# What are you bringing to the CYCLONE COASTER SWAPMEET? 11/5



## Robertriley (Oct 28, 2017)

What are you bringing to the CYCLONE COASTER SWAPMEET? 11/5  

I'm bringing at least one bike, not sure which one.  Rims, bars, racks, maybe a 2sp setup.  I will post some pics Sunday or Monday.


----------



## Robertriley (Oct 30, 2017)

Here's some of the stuff that I may be bringing to the swap meet.  Mark, Scott, Steve, Marty, how about you guys?


----------



## rustjunkie (Oct 30, 2017)

ND 2speed DD wheel, looks like a Murray rim spoked with stainless steel sticks, missing a nipple. Nutless but has reaction disc and actuator _AND _the correct lockring with small diameter hole


----------



## Robertriley (Oct 30, 2017)

Very nice Scott, what about you FordMike?


----------



## rustjunkie (Oct 30, 2017)

Robertriley said:


> Very nice Scott, what about you FordMike?




Not ineterested eh?


----------



## tripple3 (Oct 30, 2017)

I'l bring anything anyone wants to offer me Stupid Money for; LMK


----------



## fordmike65 (Oct 30, 2017)

tripple3 said:


> I'l bring anything anyone wants to offer me Stupid Money for; LMK



Sounds like you've been hanging with Chris H(RRp


----------



## Robertriley (Oct 30, 2017)

rustjunkie said:


> Not ineterested eh?



I think I'm selling mine there too


----------



## New Mexico Brant (Nov 3, 2017)

Some smalls I will be bringing:


----------



## markivpedalpusher (Nov 3, 2017)

I starting digging out some stuff last night. LOTS of John's tires and smalls. I will post a pic before Sunday if I have time.


----------



## New Mexico Brant (Nov 4, 2017)

Packed and ready, driving across Arizona:


----------



## FULLYLOADED (Nov 4, 2017)

New Mexico Brant said:


> Packed and ready, driving across Arizona:
> 
> View attachment 702905
> View attachment 702904



The streamliner for sale? at the swap?

Sent from my SM-G935V using Tapatalk


----------



## fordmike65 (Nov 4, 2017)

Anyone interested in a solid crusty rider? Saddle could use a lil love.

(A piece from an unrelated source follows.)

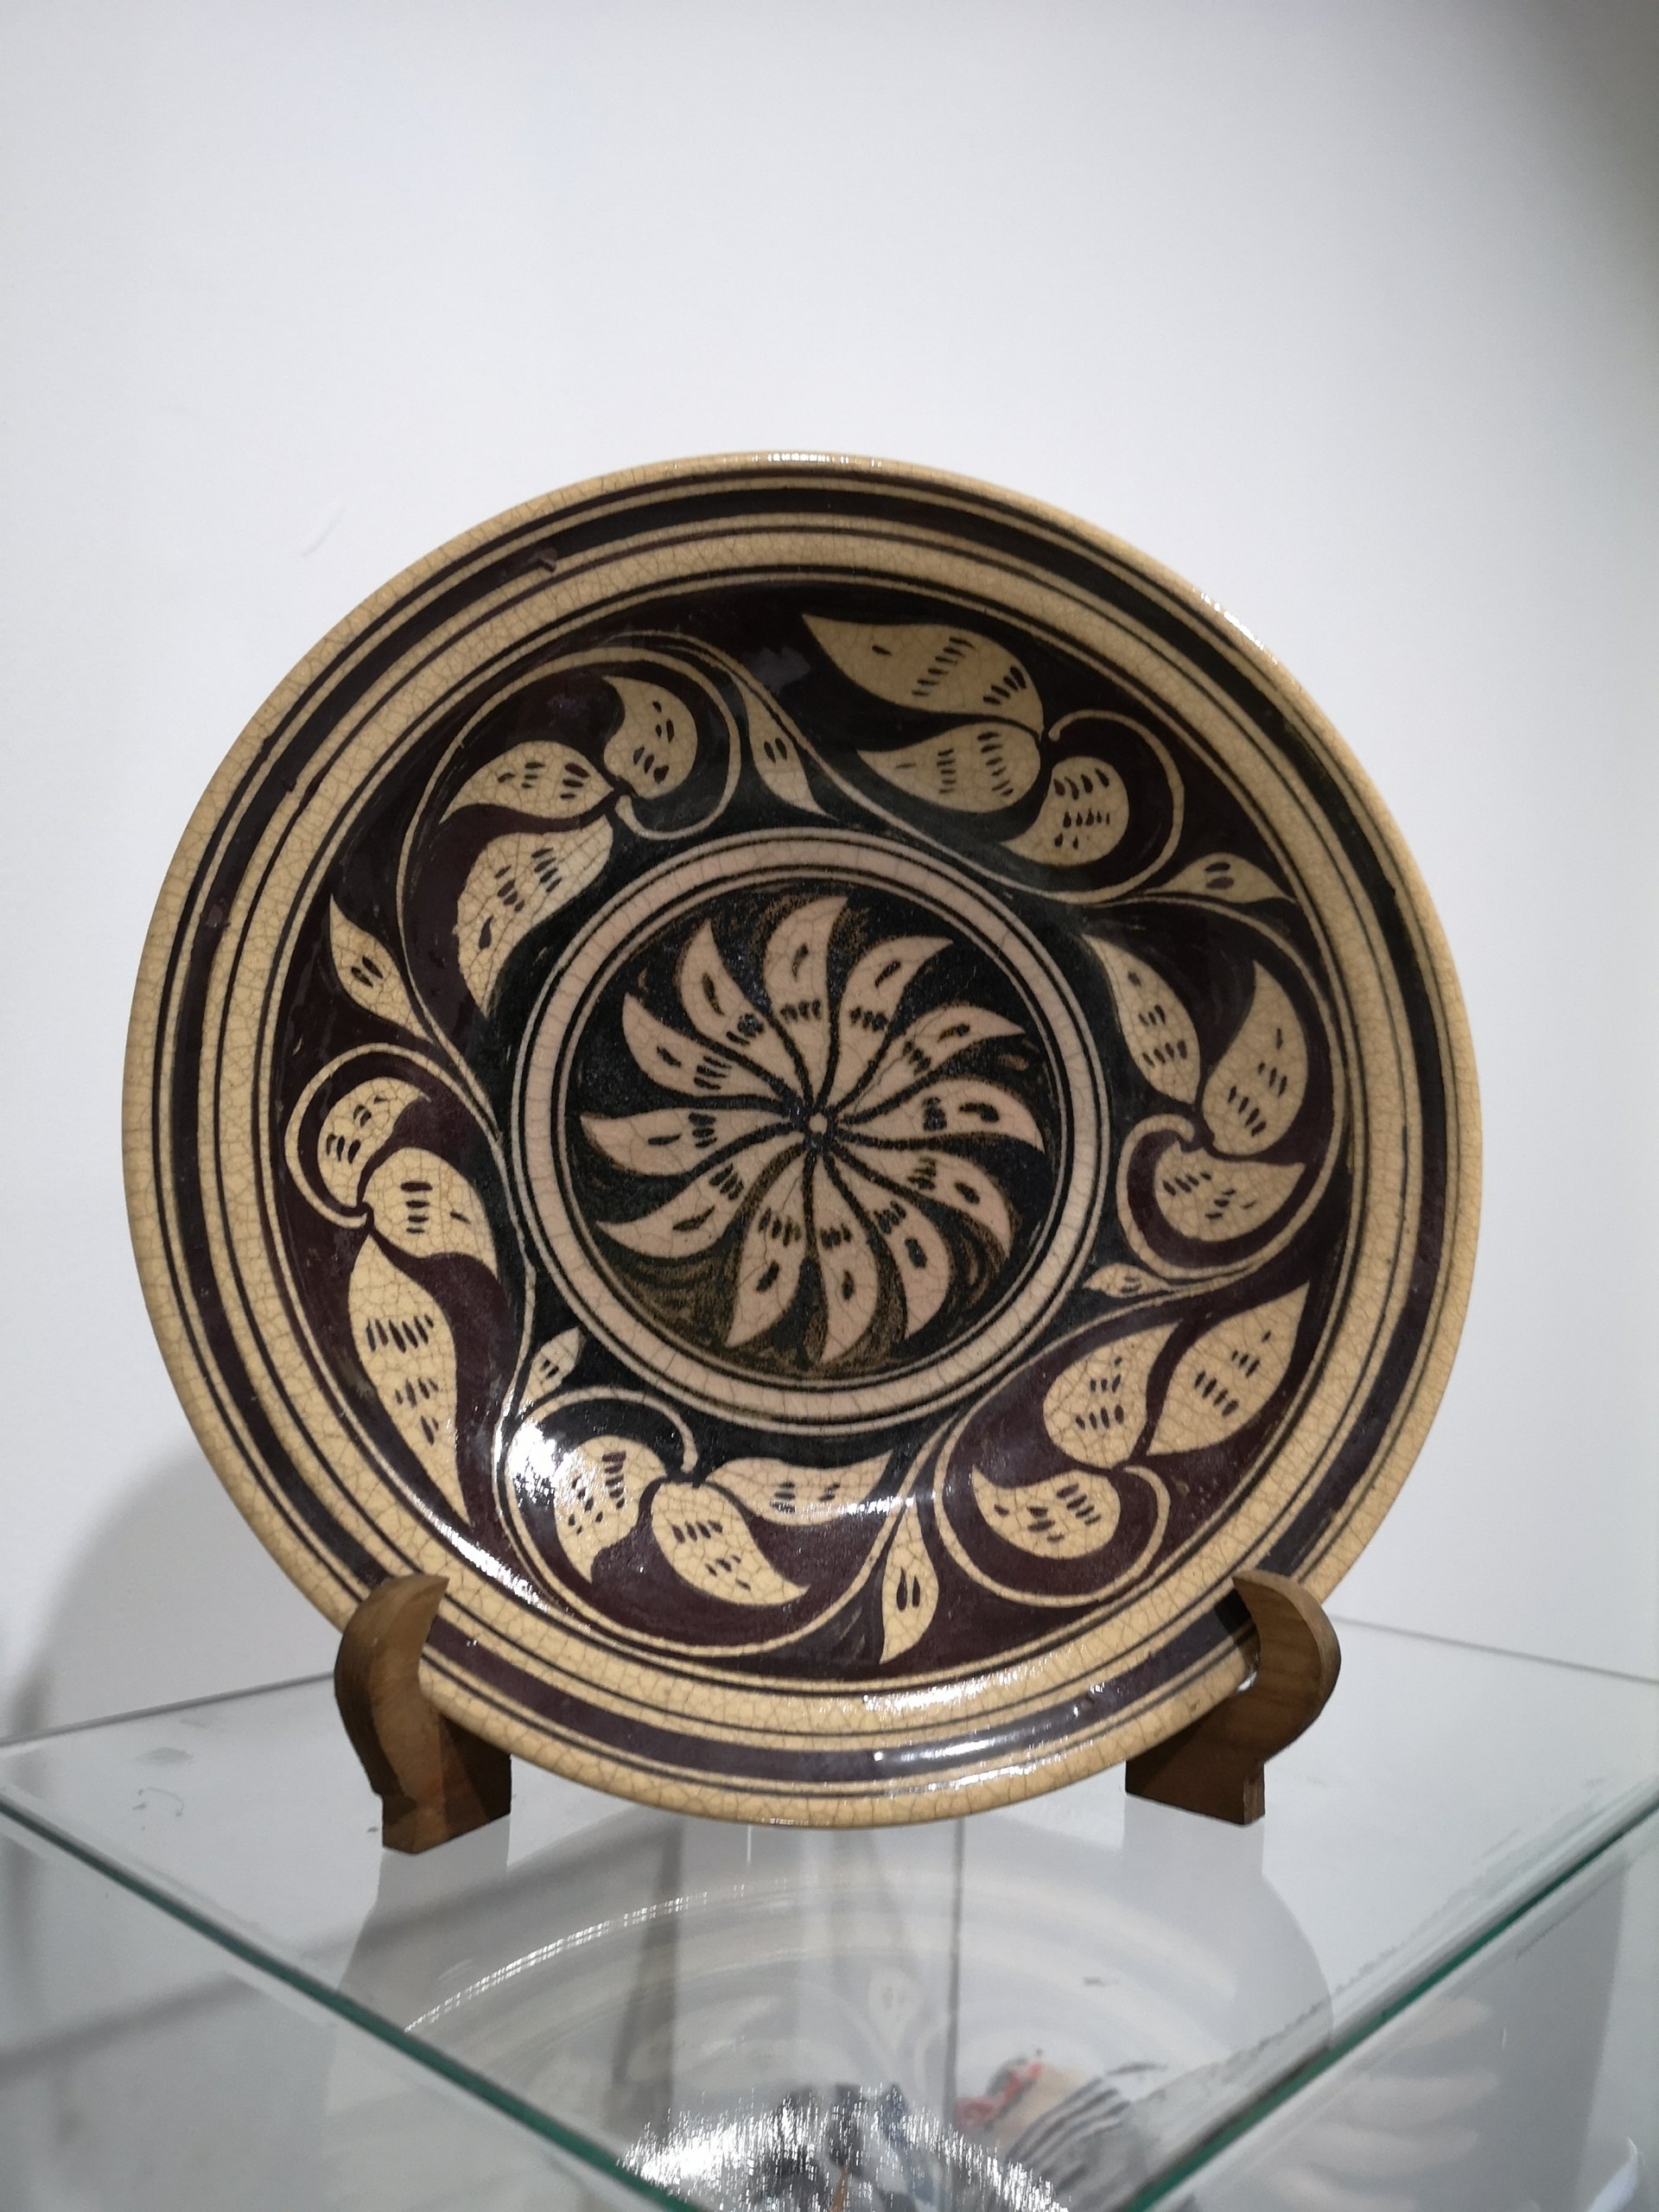 Ceramic Plate - Wiang Galong (Black Flower)

Or a fully serviced rider for that lucky lady?


----------



## Velocipedist Co. (Nov 4, 2017)

Robertriley said:


> Here's some of the stuff that I may be bringing to the swap meet.  Mark, Scott, Steve, Marty, how about you guys?
> 
> View attachment 700430 View attachment 700433 View attachment 700435 View attachment 700436 View attachment 700438




 Haven't started packing yet.  Definitely going though!


----------



## Robertriley (Nov 4, 2017)

Here some more photos of the seats.  No prices yet and I'm not taking dibs on anything either.


----------



## Robertriley (Nov 4, 2017)

More crap.


----------



## keith kodish (Nov 4, 2017)

rustjunkie said:


> ND 2speed DD wheel, looks like a Murray rim spoked with stainless steel sticks, missing a nipple. Nutless but has reaction disc and actuator _AND _the correct lockring with small diameter hole
> 
> View attachment 700457 View attachment 700458 View attachment 700459 View attachment 700460 View attachment 700461 View attachment 700462



What are you asking for the 2 speed wheel?

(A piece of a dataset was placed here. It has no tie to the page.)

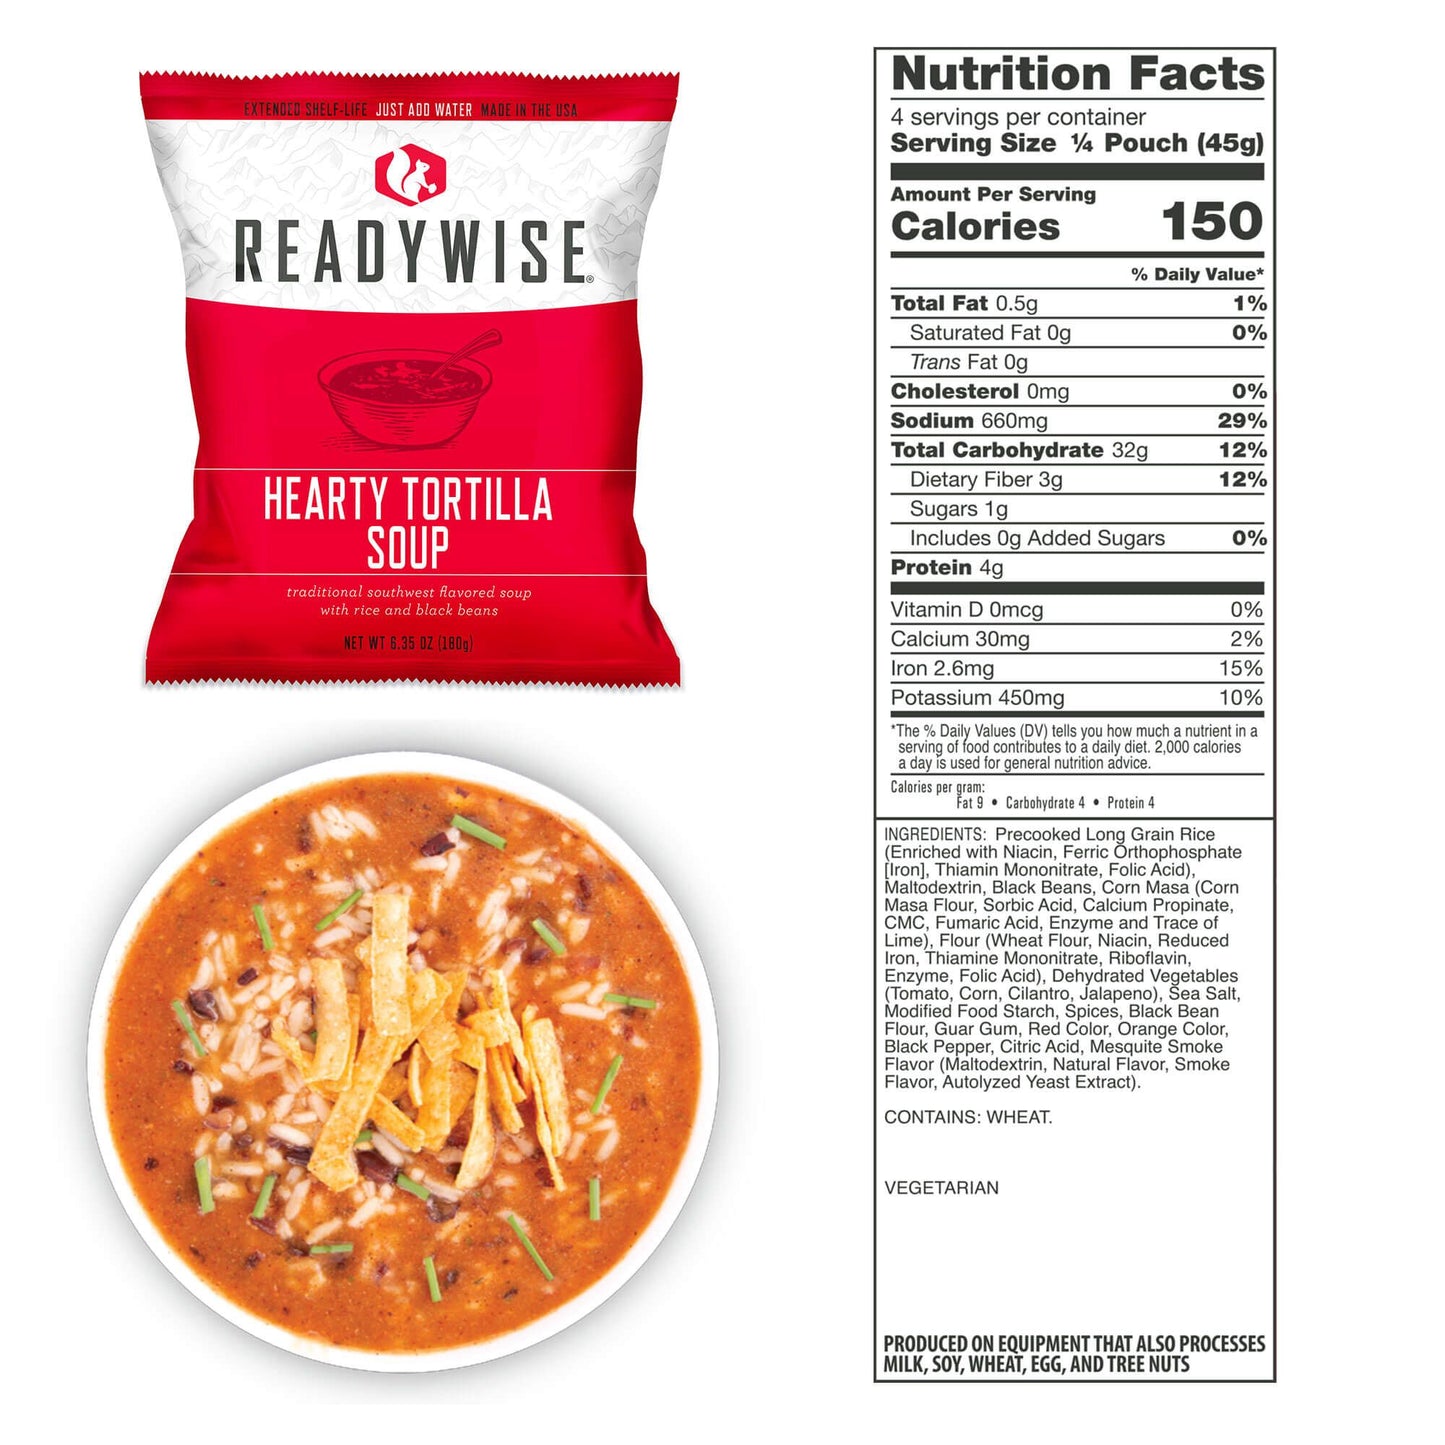 Hearty Tortilla Soup packet displayed in a bowl with nutritional information

Sent from my SM-G950U using Tapatalk


----------



## Robertriley (Nov 4, 2017)

Last box of goodies


----------



## Robertriley (Nov 4, 2017)

Anyone bringing any SM front hubs?


----------



## old hotrod (Nov 4, 2017)

Loading up...







Sent from my SM-G930V using Tapatalk


----------



## old hotrod (Nov 4, 2017)

old hotrod said:


> Loading up...View attachment 703203View attachment 703204View attachment 703205
> 
> Sent from my SM-G930V using Tapatalk[


----------



## keith kodish (Nov 4, 2017)

Looking  for a 37-39 men's Shelby frame set,guard,help me out! Will be there early!

Sent from my SM-G950U using Tapatalk


----------



## jungleterry (Nov 5, 2017)

Looking for a 41 western flyer roadmaster like this one .


----------



## jungleterry (Nov 5, 2017)

Hope someone can add pictures during the meet maybe some of us on the east coast can find a treasure or two . Thanks guys


----------



## Robertriley (Nov 5, 2017)

I really didn't get much time to get away to shop or get photos.  Bernard took some photos and I'm sure they will pop up here or on FB


----------



## jungleterry (Nov 5, 2017)

Got some nice pics up there thank you guys


----------